The prospect of such an infernal firestorm was raised by podcaster and comedian Joe Rogan last summer, who recounted a chilling conversation he'd had with an LA firefighter.

Speaking to guest and fellow comedian Sam Morril in the July 2024 episode, Rogan recounted: 'He said: ''One day, it's just gonna be the right wind and fire's gonna start in the right place and it's gonna burn through LA all the way to the ocean and there's not a 🤬🤬🤬*ing thing we can do about it''.

'If the wind hits the wrong way, it's just going to burn through LA,' he said.
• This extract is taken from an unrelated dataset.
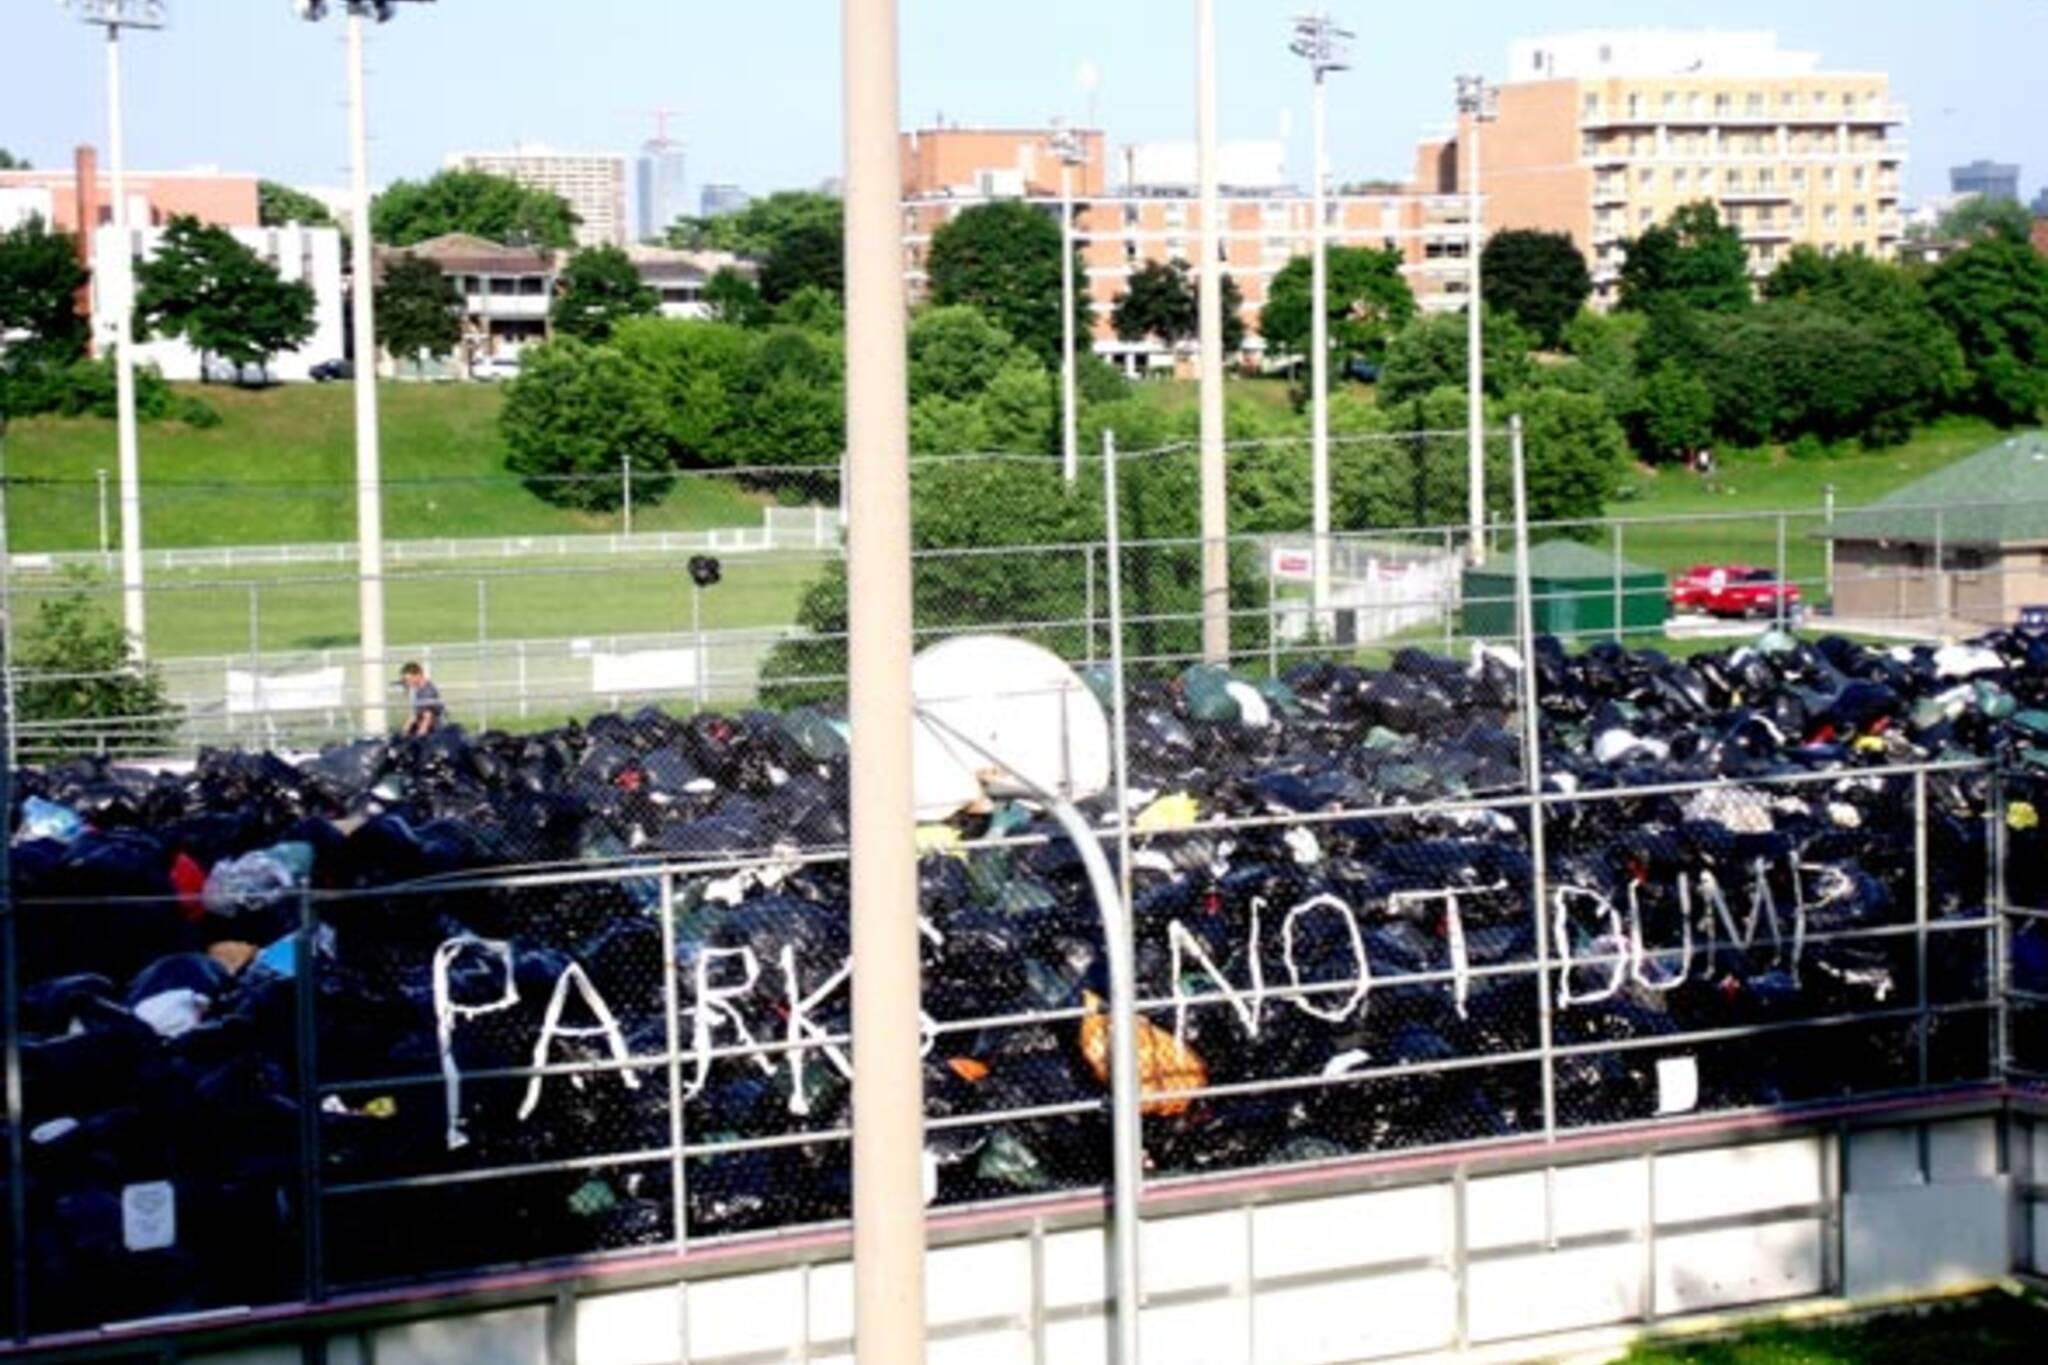 20090707-park-not-dump.jpg

The firefighter's prediction, as told by Rogan, appears to have been proven true, with environmental conditions and unfavourable winds whipping the wildfire into an uncontrollable state."



 
Omg. LA Fire Chief believes fire started accidentally in a back yard as “time lapsed video showed an innocuous trail of smoke rising from the back garden in the outskirts of LA”
 
California Insurer Canceled Policies Months Before Los Angeles Wildfires

Several private insurers have cut coverage in at-risk areas across California in the past three years, leaving homeowners scrambling to find options for coverage. As a result, California's FAIR Plan, which works as an insurer of last resort in the state, has more than doubled its policies between 2020 and 2024, reaching a total of 452,000, as reported by CapRadio.
 
Tiny burning embers flew miles, causing L.A. fire destruction on historic scale


The life-threatening windstorm that prompted several days of dire warnings exploded into a crisis even worse than firefighters predicted, with embers flying an estimated two to three miles ahead of the established fire and in every direction.
 
My cousin lives in Pacific Palisades. She’s out of the country and as of yesterday didn’t know the fate of her home. I keep trying to find info about her neighborhood, but so far nothing. She lost her partner of over 30 years the summer of 2023 and I don’t want her to go thru any more heartbreak. :-(
Replying to myself…my cousin texted me this morning that her house survived. I’m so relieved for her. But heartbroken for those not as fortunate.

Based on our local experience with the Almeda fire in 2020, destroying about 2300 homes and many businesses, people will rebuild, if they have insurance. It looks like a war zone now in L.A., but in a few years it will look normal again. So there is hope for recovery.
 
Have these fires become worse? It reminds me of the Colorado fire that went so fast through a populated area, people were literally shopping at Costco, and had to run for their lives.

The Lahaina fire, devastated the area. And created it own "fire tornado".


Montana had a few bad fires this summer.

Is this part of "climate change"? Or are more people living in areas that shouldn't have been developed?